In February Zepheira did a small but significant experiment, asking DPL for a dozen records pertaining to Molly Brown, including some of the resources referenced in the sample model. After specializing the transform based on the developed model, the Libhub tools were used to generate resource pages, and these were published to the Web, to see whether they would be picked up by search engines. To our own amazement within 3 days the relevant test Libhub resource page shot to the top of Google Search rankings for the search “Molly Brown Papers.” Within another week DPL’s own catalog page, which was prominently linked and redirected from the resource page, took top spot.

This illustrated an important principle for Libhub: that the intrinsic quality and richness of information content present within Library catalogs is indeed sufficient to significantly influence the Web, increasing the visibility of libraries and making more credible and valuable material available online. No dark and gnomic Search Engine Optimization (SEO) were required. If value of content and links are the cornerstone of effective SEO, our project demonstrates that libraries already have the material ready made.

From broom closets to the Web

Getting to the meat of the problem, how one processes traditional library formats to extract rich data for the Web, it became rapidly clear that the watchword was going to be pragmatism and flexibility. Even though we have focused mostly on MARC, rather than other formats such as MODS MODS or plain Dublin Core XML Dublin Core XML, we have found a staggering degree of variants in use of this half-century-old standard. When Zepheira started with the US Library of Congress working to develop BIBFRAME in 2012, we decided that we were going to take an implement-as-you-go approach. All our design decisions would be informed by code we wrote which worked on actual use-cases of MARC records. We realized that what we needed was not a monolithic conversion routine but rather a pipeline of processing stages which could be quickly fixed, tweaked and specialized for particular patterns and needs as we learned lessons getting on with real-world MARC records. The architectural idea is not unlike XProc XProc, but in our case implemented entirely in Python. There is a core, free/libre open source software (FLOSS) library called pybibframe pybibframe, designed to be extensible. We have separate, proprietary components, Libhub-specific enhancements for Web publishing, built as extensions to the FLOSS platform.

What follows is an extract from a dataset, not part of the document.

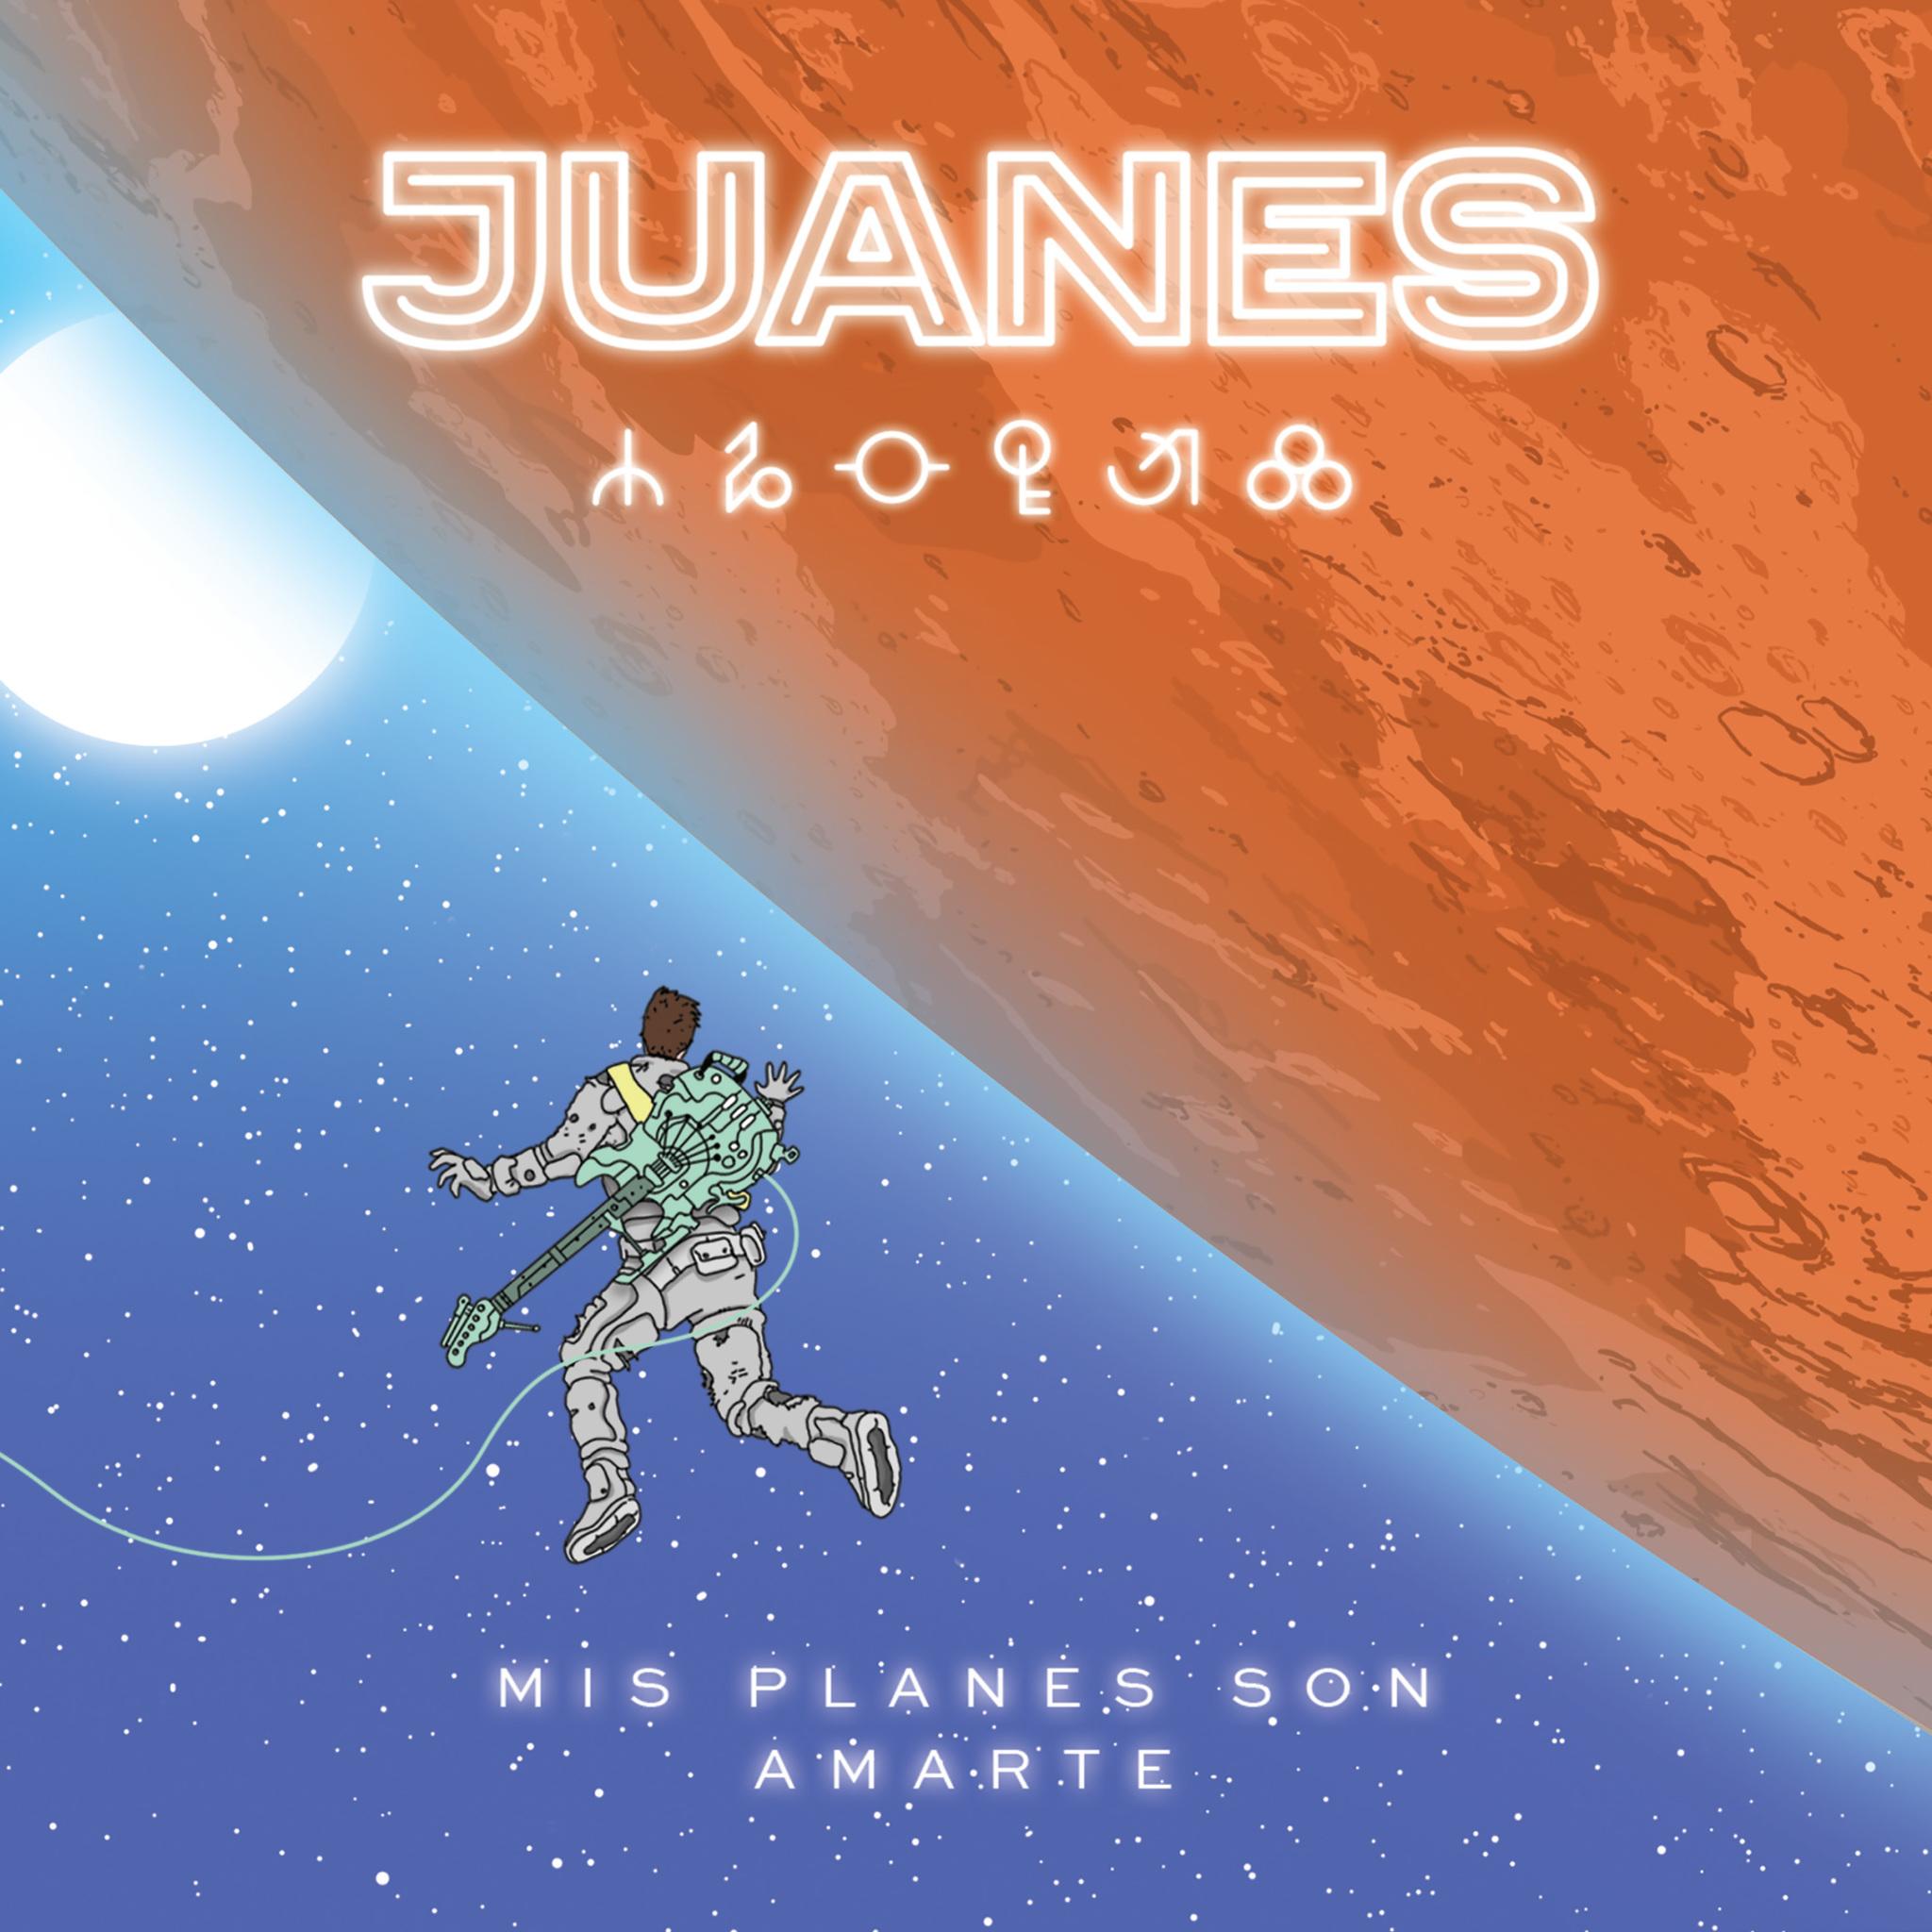 Mis planes son para amarte Juanes

We also needed an internal processing representation for the logical data model, and thought it useful to be able to use the same basic metamodel for input (MARC) as well as output (BIBFRAME). We chose Versa Versa, a language like RDF but where each of the “statements” were modeled to be more like abstract HTML (or XLink) links rather than RDF statements. Given that our goal in applying BIBFRAME is to generate fairly straightforward corpora of cross-linked pages, we found the expressiveness of this metamodel particularly attractive. Because RDF is such a popular and important metamodel we do have an option to translate the Versa output to RDF. Versa is in many ways an implementation detail, used within our pipeline architecture, and not directly relevant to people who merely want to convert MARC to linked data, but the details of the pipeline are of interest for this paper. Figure 2 is a rough data flow diagram of the Libhub pipeline.

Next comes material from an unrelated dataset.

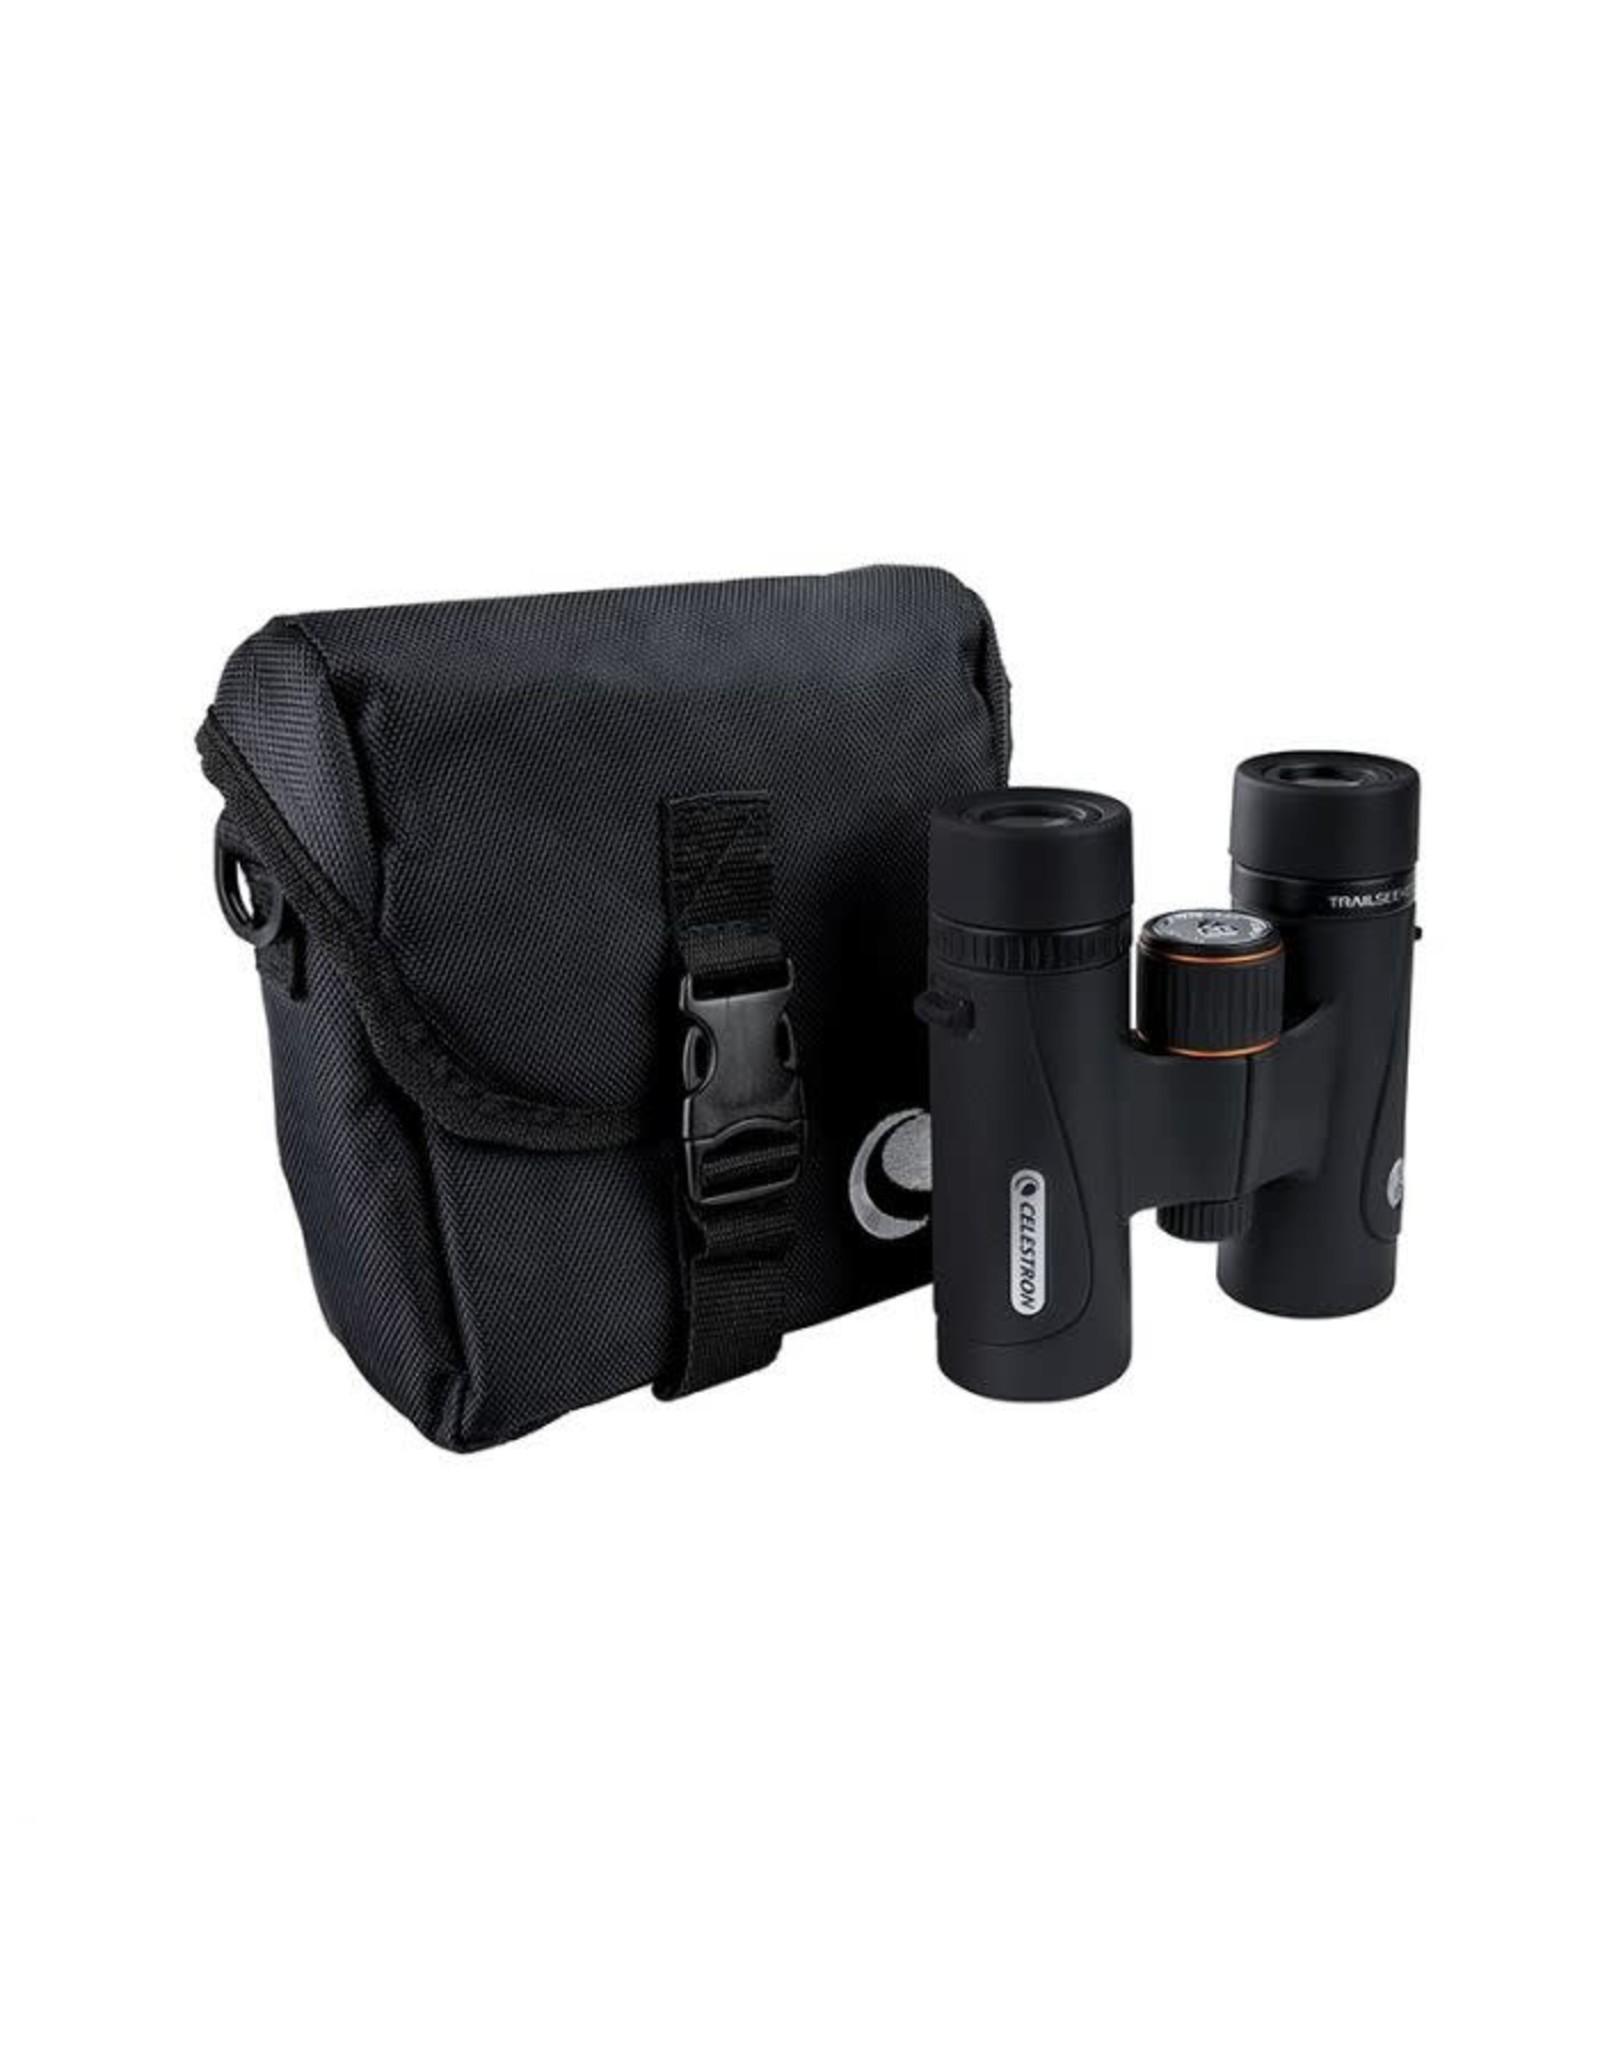 Celestron Celestron 8x32 TrailSeeker ED Binoculars - 71401

Our approach provides for several points where behavior can be branched and managed, and perhaps the most important of these points is marcpatterns.py. This file of recipes expresses how patterns matched from the MARC input are translated into output patterns in BIBFRAME.

MARC/XML patterns

The following is a portion of a MARC/XML record describing a book with a MARC 245 field title "I am Ozzy", and a MARC 100 field creator/author of Ozzy Osbourne, born in 1948. Namespace declarations are omitted but all elements are in the http://www.loc.gov/MARC21/slim namespace.

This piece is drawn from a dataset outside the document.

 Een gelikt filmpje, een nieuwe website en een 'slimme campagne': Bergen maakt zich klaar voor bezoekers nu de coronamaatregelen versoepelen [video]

	    <datafield tag="100" ind1="1" ind2=" ">
	      <subfield code="a">Osbourne, Ozzy</subfield>
	      <subfield code="d">1948-</subfield>
	    </datafield>
	    <datafield tag="245" ind1="1" ind2="0">
	      <subfield code="a">I am Ozzy</subfield>
	    </datafield>

You can tell this is not a format designed in the era of self-describing data. It's XML only in the most superficial form. Radically different patterns and types of content are shuffled into datafield elements according to tag designator attribute, a number from 001 through 999. Additional structure is offered by subfield elements with their code designator attribute. In addition the semantics of datafield and subfield are further modified by indicators, given as ind attributes. The resulting, bewildering set of schematic rules are provided in the MARC specification pages, for example those for "100 - Main Entry-Personal Name." MARC 100

The following are two simplified rules using the marcpatterns.py microlanguage. The first prescribes that any encountered 100 datafield will create a resource of type Person and via the onwork primitive, identifies that person as the creator of the Work, a resource implicitly created by the presence of the record, and representing, in this case, the abstract book. Though not used in this example, oninstance can be used instead of onwork to connect a resource or property to the Instance, a BIBFRAME class representing physical manifestations of Works, e.g. a physical binding of a book with page count, dimensions, etc.. Various other properties of the person in the links structure are attached to the new resource. The 245$a rule creates no new resource, but simply attaches a title from subfield a to the Work.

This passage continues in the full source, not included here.